— SOURCE DATA —
____
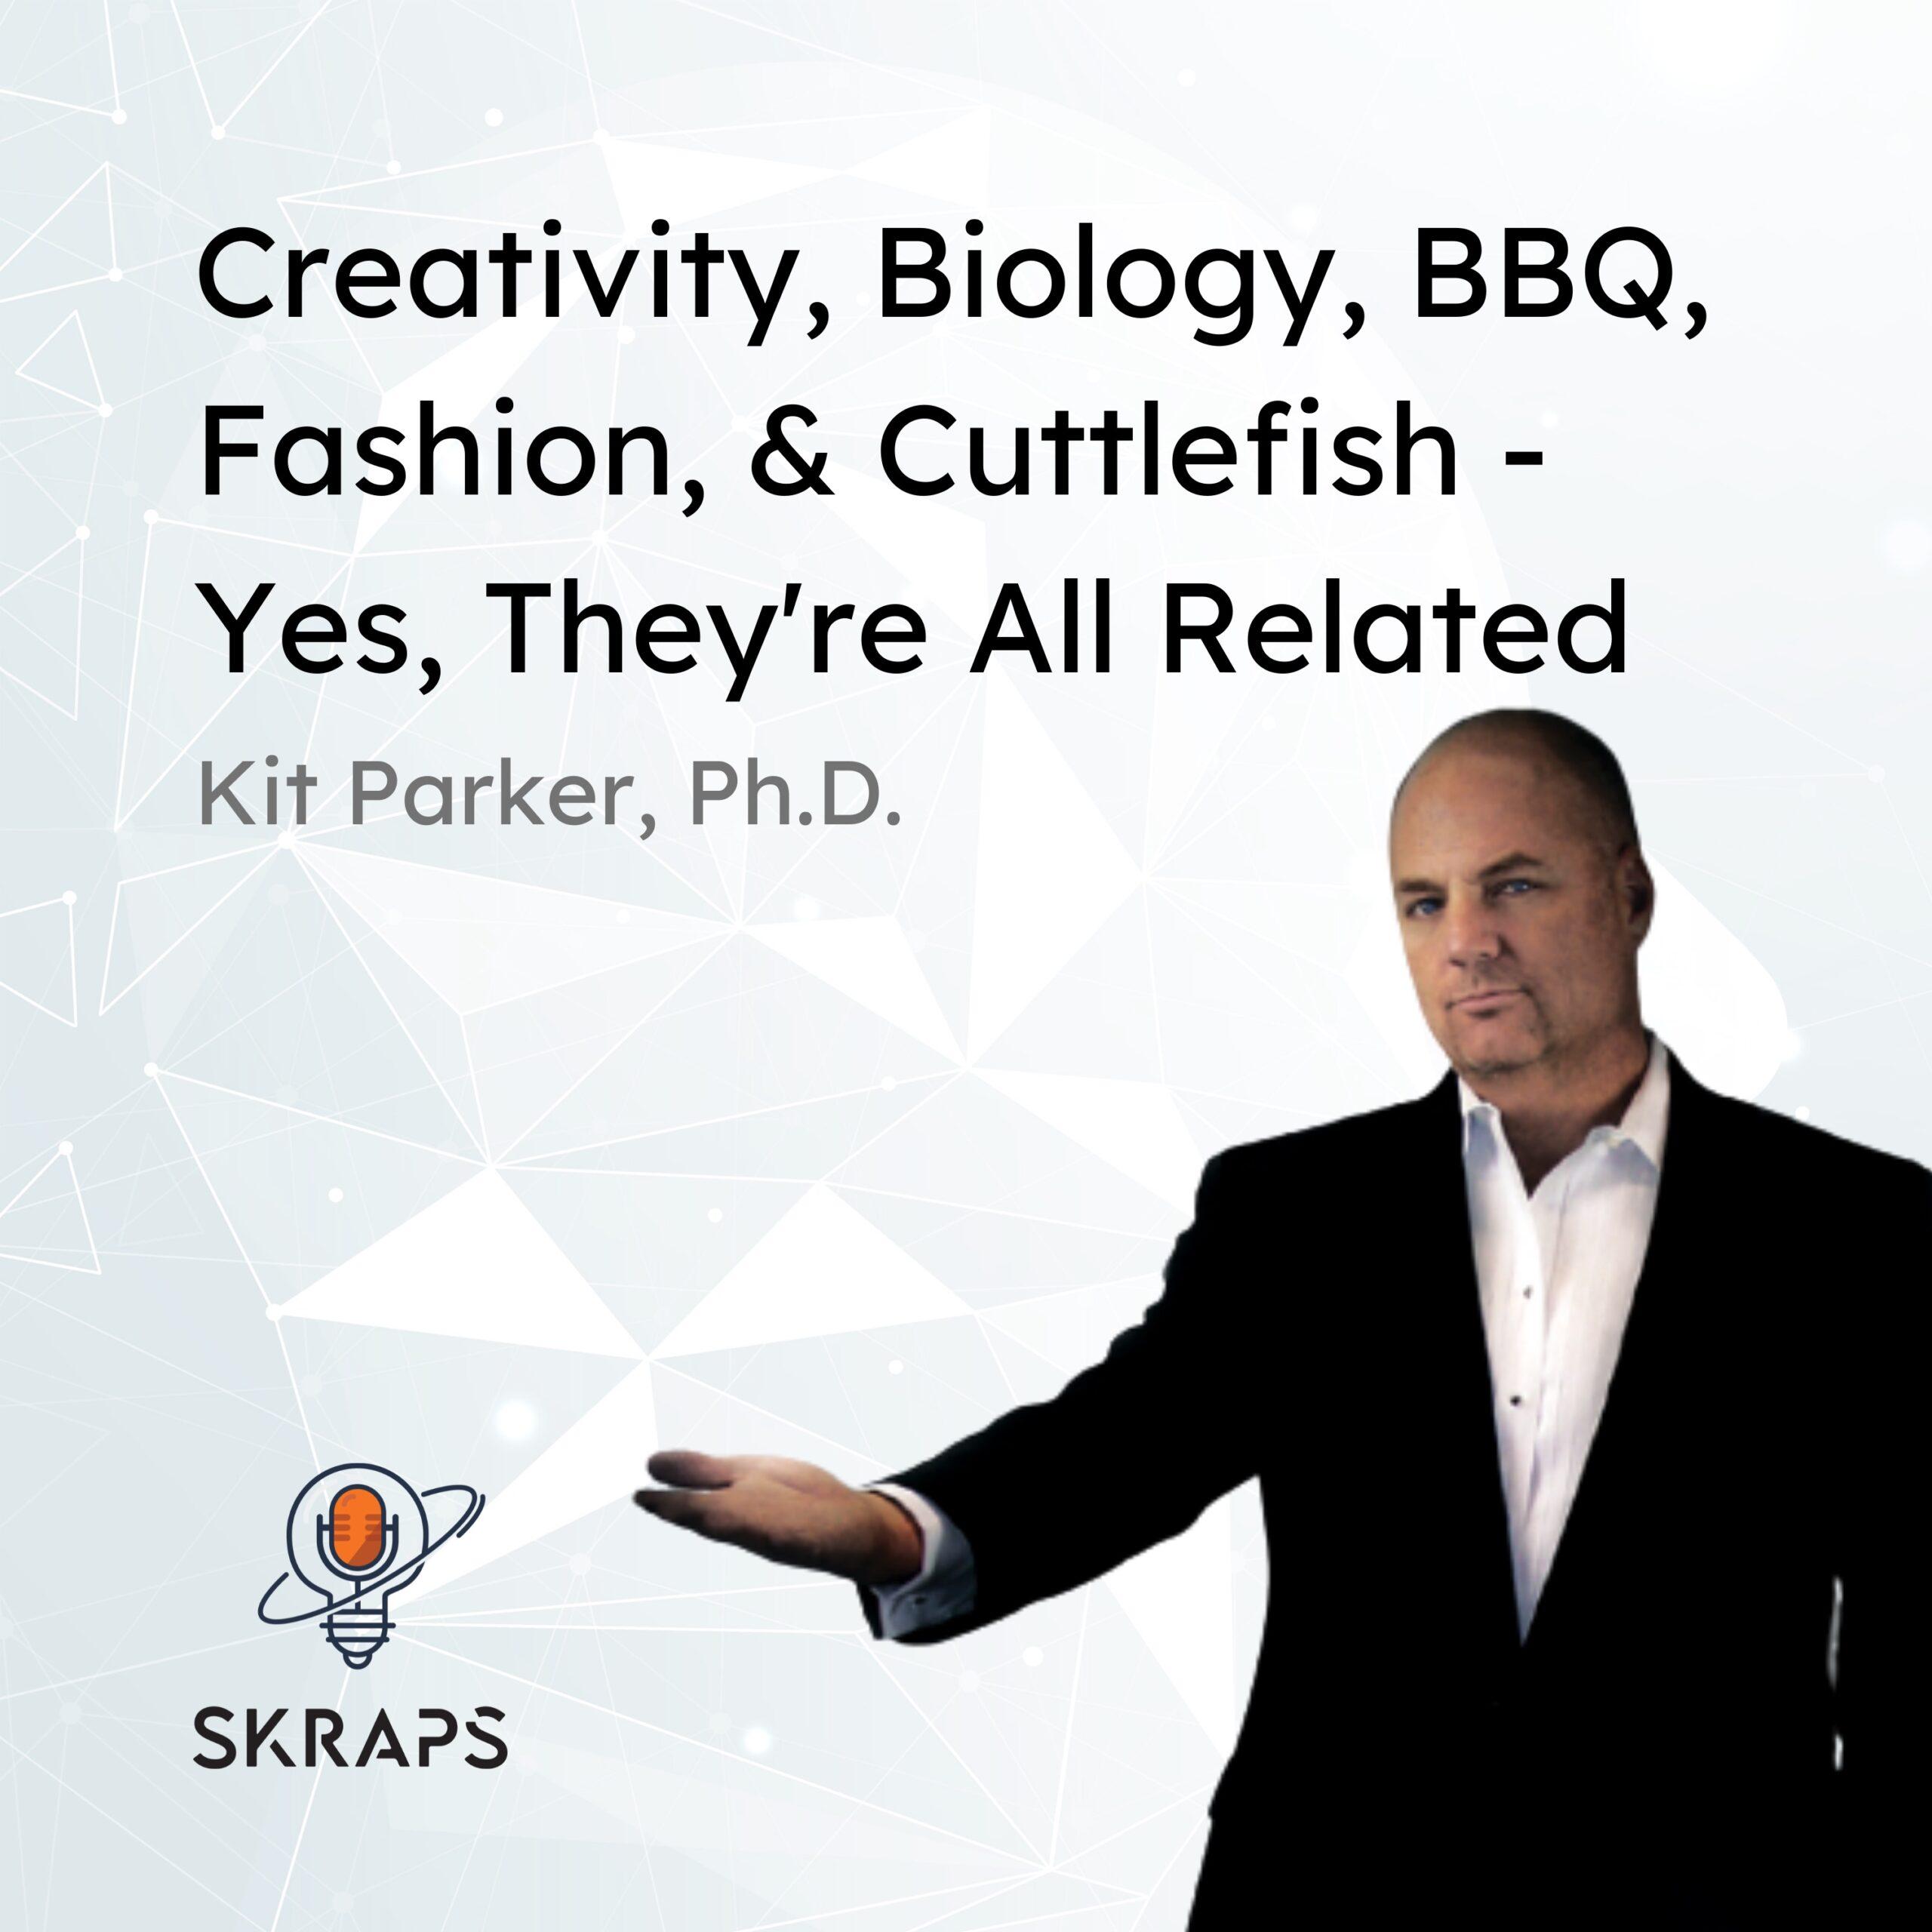 Play-doh & creativity, cardiac biology & biomechanics, Desora Barbecue, Fashion, and cuttlefish
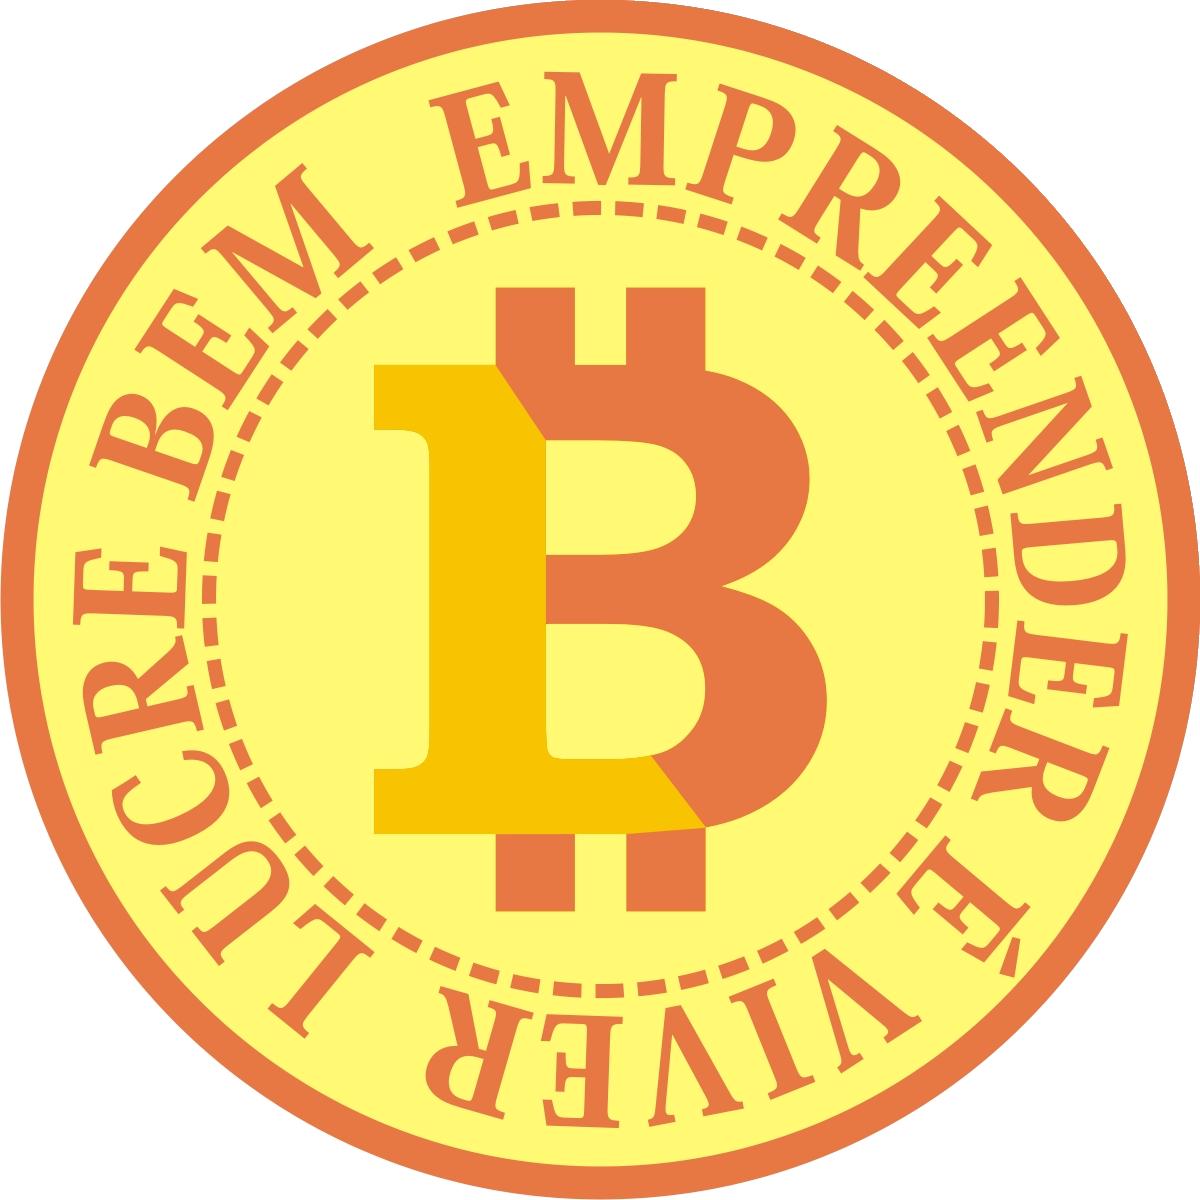 Logofinal amostra.fw
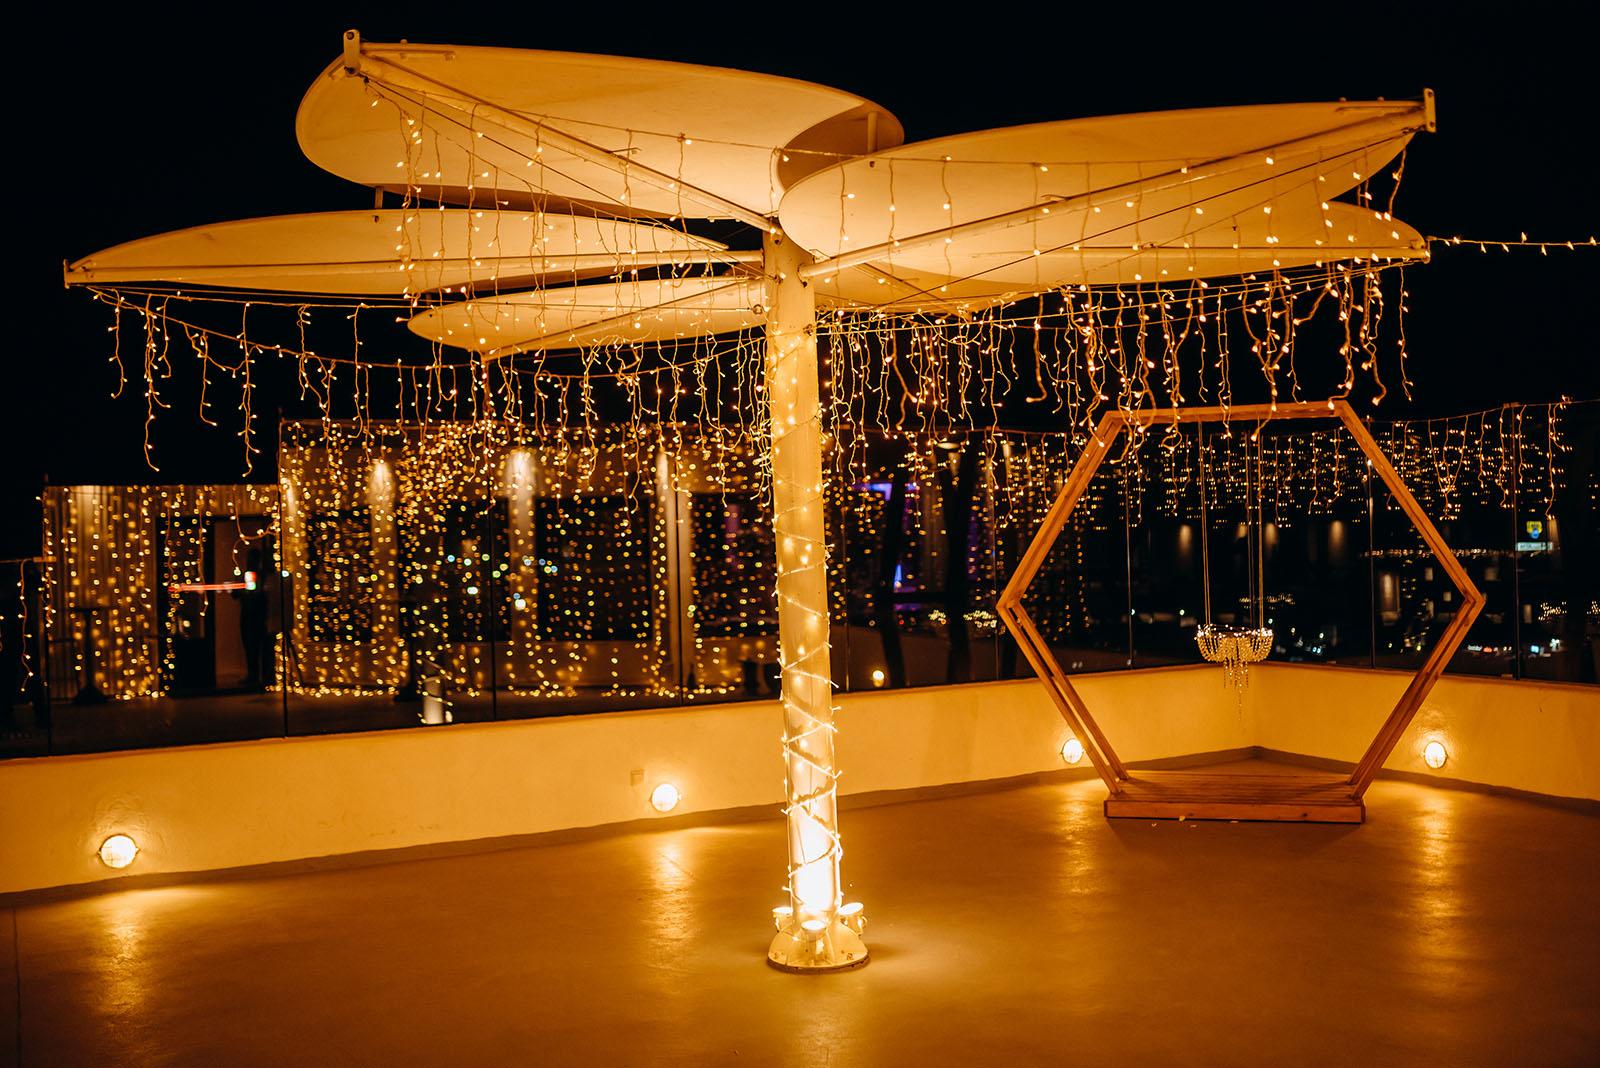 Декор, украшение гирляндами: свадьба на санторини, свадебное агентство Julia Veselova - Фото 3
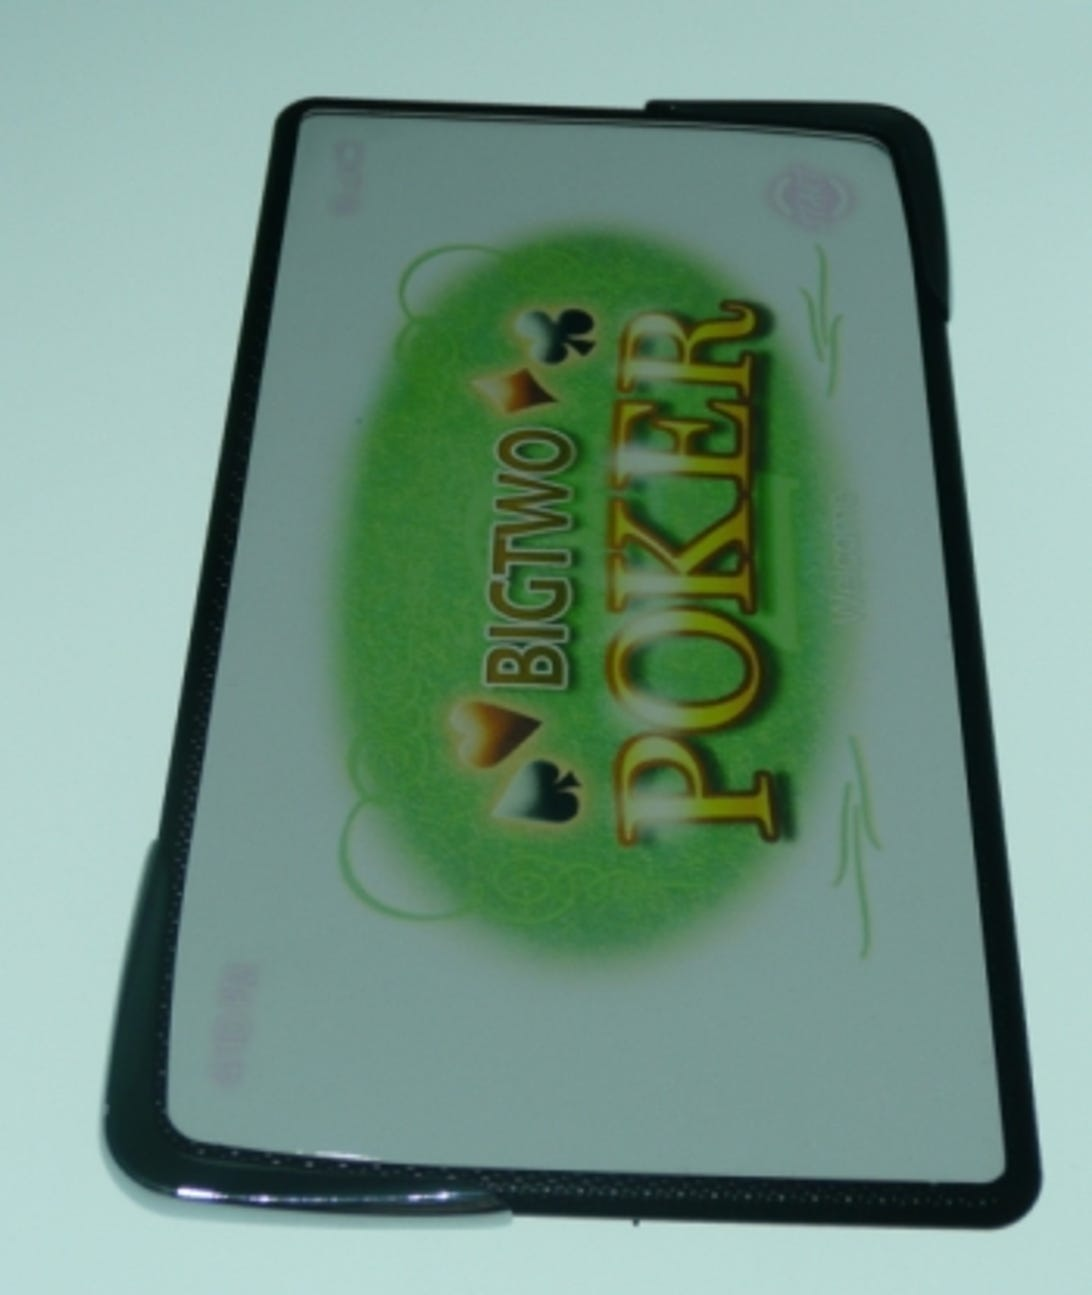 40154154-6-iris-asus-bingo-350.jpg
____
— ACTIVITY —
Working from the lines above, reproduce the material exactly and exclude its pictures.

— ANSWER TO THE PROBLEM —
 Play-doh & creativity, cardiac biology & biomechanics, Desora Barbecue, Fashion, and cuttlefish
 Logofinal amostra.fw
 Декор, украшение гирляндами: свадьба на санторини, свадебное агентство Julia Veselova - Фото 3
 40154154-6-iris-asus-bingo-350.jpg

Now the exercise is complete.